L'enquête de l'association de consommateurs UFC-Que Choisir sur le prix de l'eau, rendue publique le 29 octobre 2007 et qui a eu un considérable retentissement médiatique, comporte de graves erreurs de calcul et ses résultats ne sont pas crédibles", a dénoncé, lundi 19 novembre, lors d'une conférence de presse, Bernard Guirkinger, président de la Fédération professionnelle des entreprises de l'eau (FP2E) et PDG de la Lyonnaise des eaux (groupe Suez), qui estime que "l'UFC a voulu jeter l'opprobre sur toute la profession".
La FP2E conteste la méthode consistant à calculer un prix de revient théorique du mètre cube (m3) d'eau, à partir de données issues de rapports publics divers, et à le comparer au prix facturé aux usagers, pour conclure que les écarts constatés aboutissent à des "bénéfices faramineux" de 43 % à Nancy, 56 % à Lyon, 61 % en Ile-de-France, 67 % à Marseille.

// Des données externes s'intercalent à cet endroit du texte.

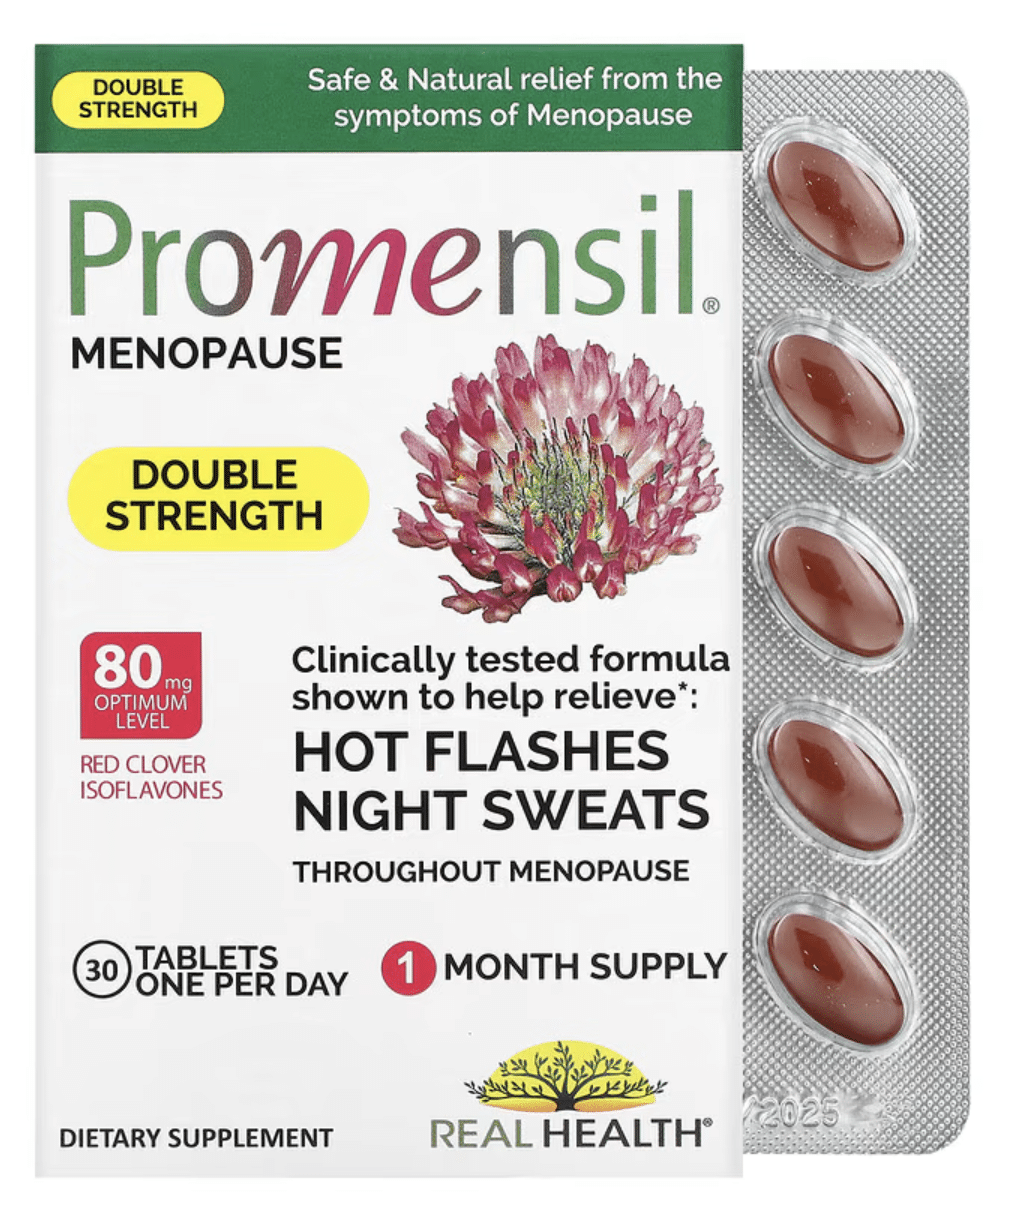 Promensil | What menopause symptoms

"Il est faux de prétendre qu'il s'agit de bénéfices. Notre marge se situe plutôt autour de 7 %", argumente M. Guirkinger : "L'UFC a sous-estimé nombre de dépenses, notamment d'analyses de la qualité de l'eau, d'assurances, d'impôts et surtout de frais de personnels, qu'elle a carrément divisés par deux. Depuis la loi Mazeaud du 8 février 1995, les comptes des 9 000 collectivités locales qui font appel à nos entreprises sont publics et la plupart d'entre elles font réaliser des audits de nos prestations par des experts indépendants, au moins tous les cinq ans, dans le cadre de la clause de renégociation des contrats."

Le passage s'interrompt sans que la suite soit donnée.